When I moved out of my parents’ house, my mom gave me a lot of old furniture. One of these was a gliding rocking chair which kinda weirded me out because like… that’s a very sentimental chair, that’s the chair my sibs and I were rocked to sleep and fed in, why would she give that to the one kid who has spent her entire life saying she doesn’t want kids? Why not save the chair for my sisters who both want them, or even my brother, who is neutral? And is it weird for a late 20s something to have a rocking chair? What was I supposed to do with it?
So I told her I would just have Dad take it back home in the trailer after he moved me back, and her response was to get angry and fat-shame me, saying that i just didn’t want it because I didn’t fit in it.
Looking back, that’s fucked up, right? Like, if she thought I was too fat to fit in the chair, why did she send it?

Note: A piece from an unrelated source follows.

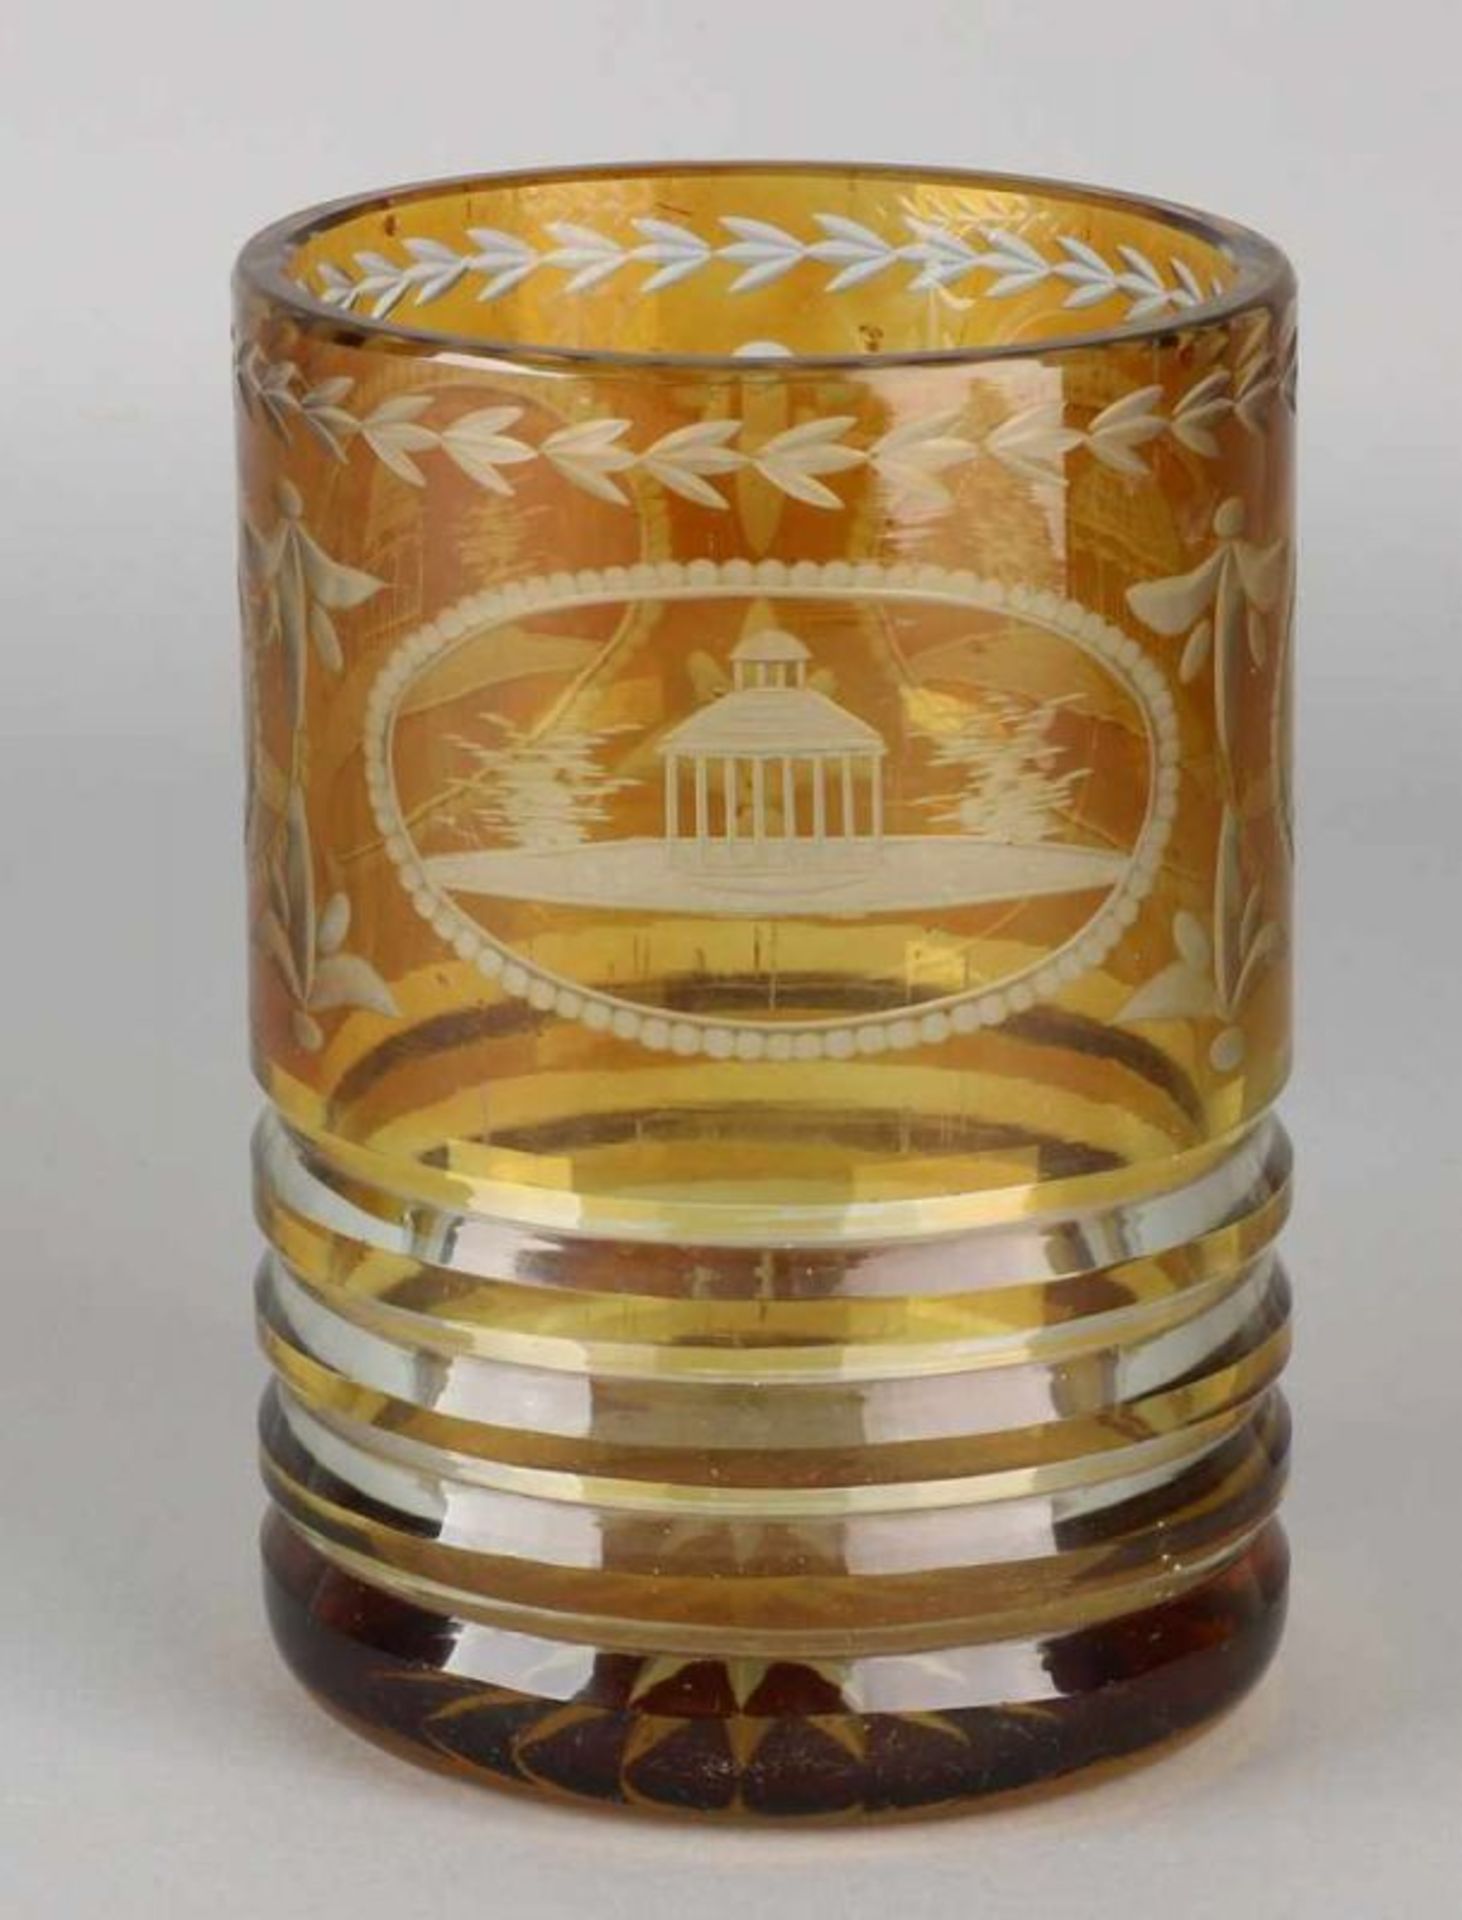 Antique crystal glass jar with Masonic citadels. Size: 16 x 11 cm dia. In good condition.

Also it’s… not like I am or was too fat to sit in this chair. That had nothing to do with it, but she didn’t want to listen to me saying it was weird to have the family’s rocking chair and why not save it for the actual next generation?

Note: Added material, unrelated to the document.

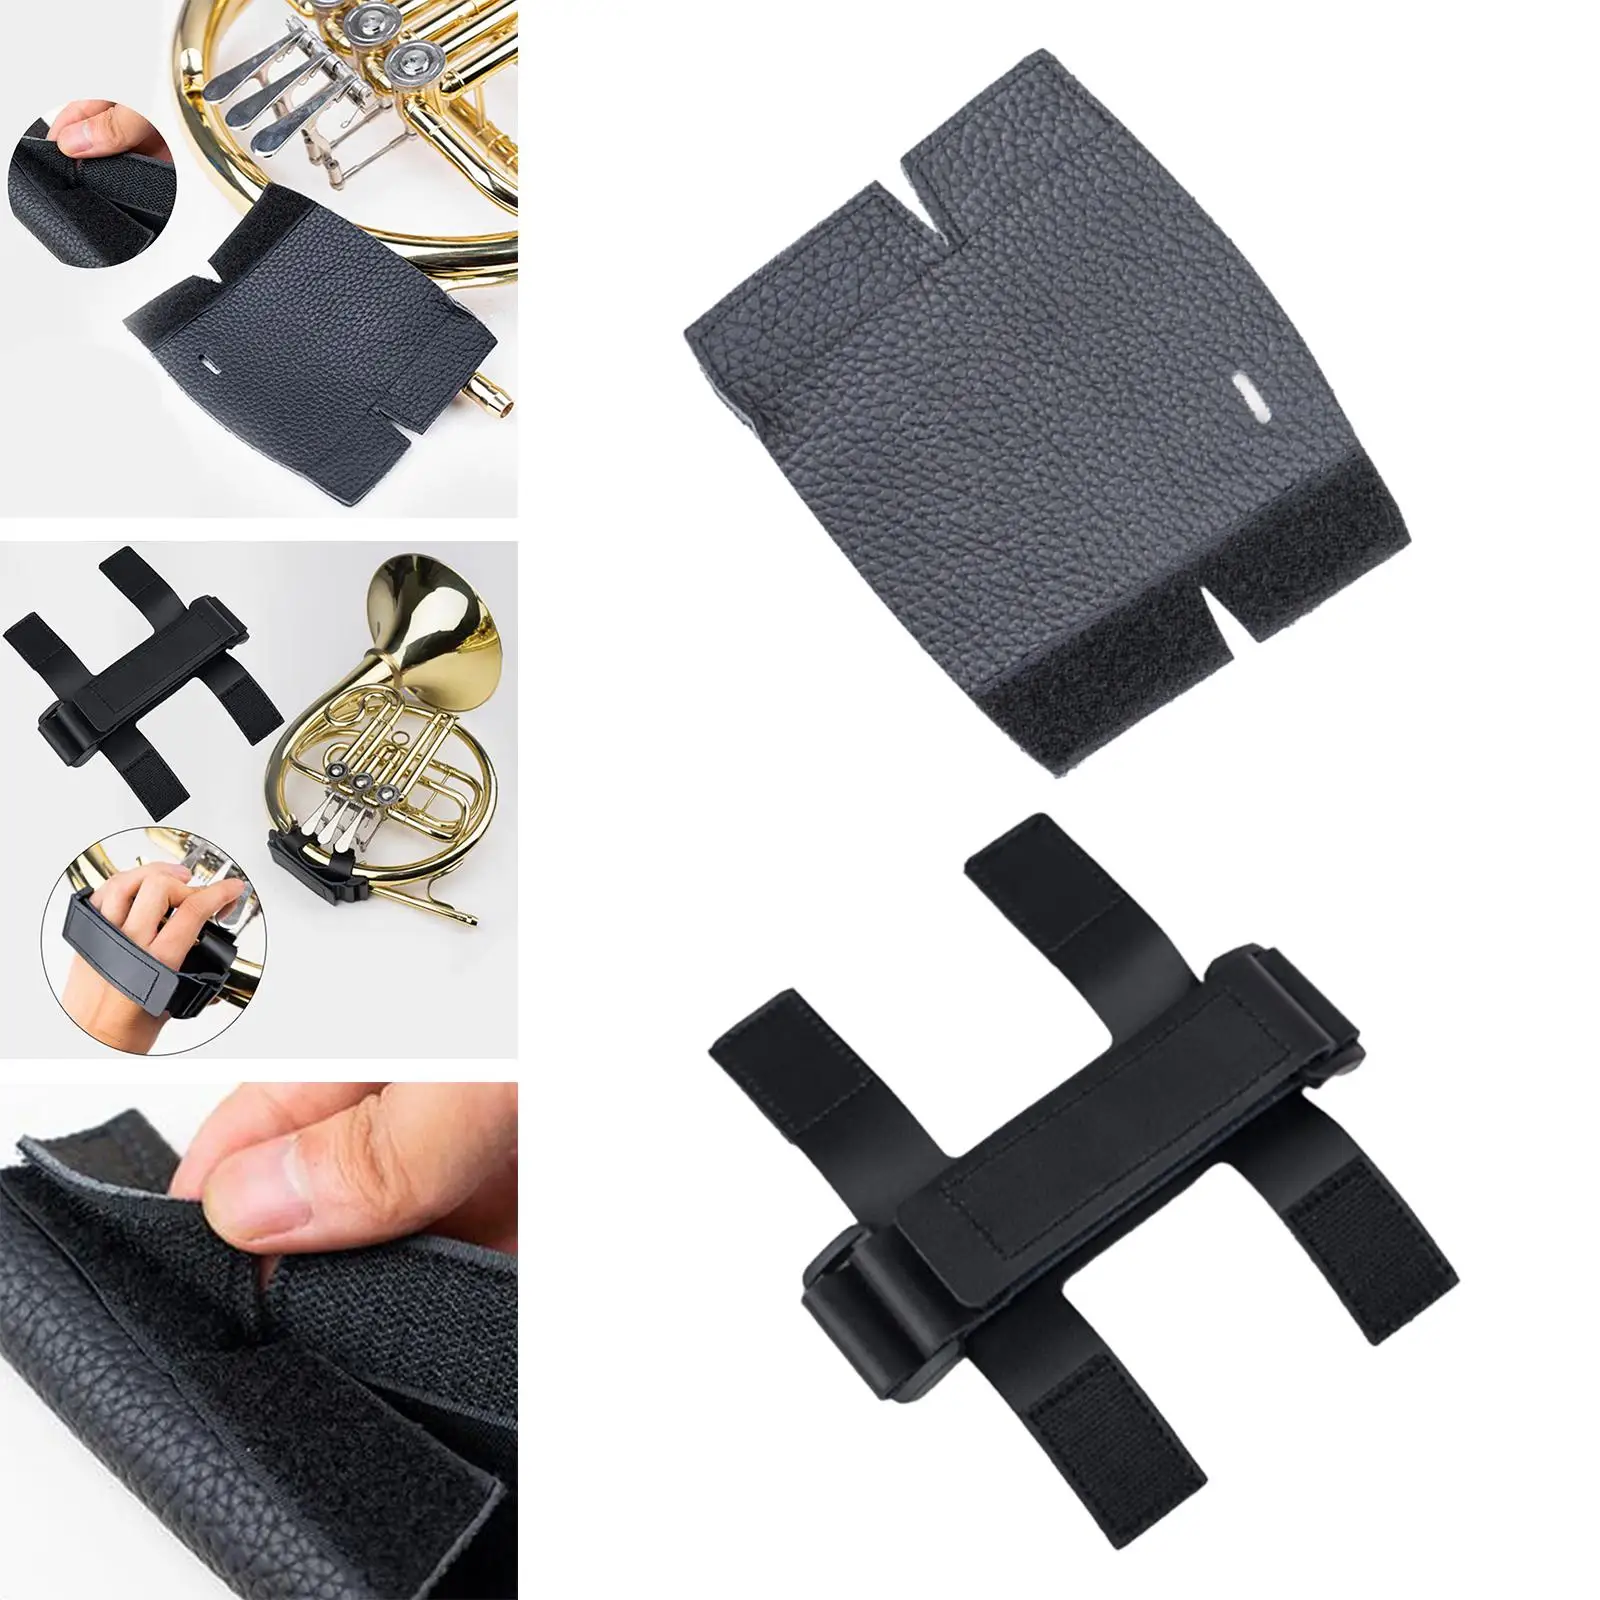 French Horn Hand Guard Adjustable Wear Resistant PU Leather Wrap Cover Wrap Cover for Tour Practice Performance Stage Exercise

So anyways, I kept the chair because I wasn’t gonna give her the satisfaction, but I didn’t really use it as anything other than a stuff holder. This, however, was a mistake and now, four years later, I’ve come to a conclusion:
Rocking chairs are comfy as hell.
I swapped it in for my desk chair recently and I am never going back. Taking a break from work to rock in it for a few seconds is so incredibly soothing. Obviously it’s not as manoeuvrable as a wheeled desk chair, but when you’re this comfortable, who cares?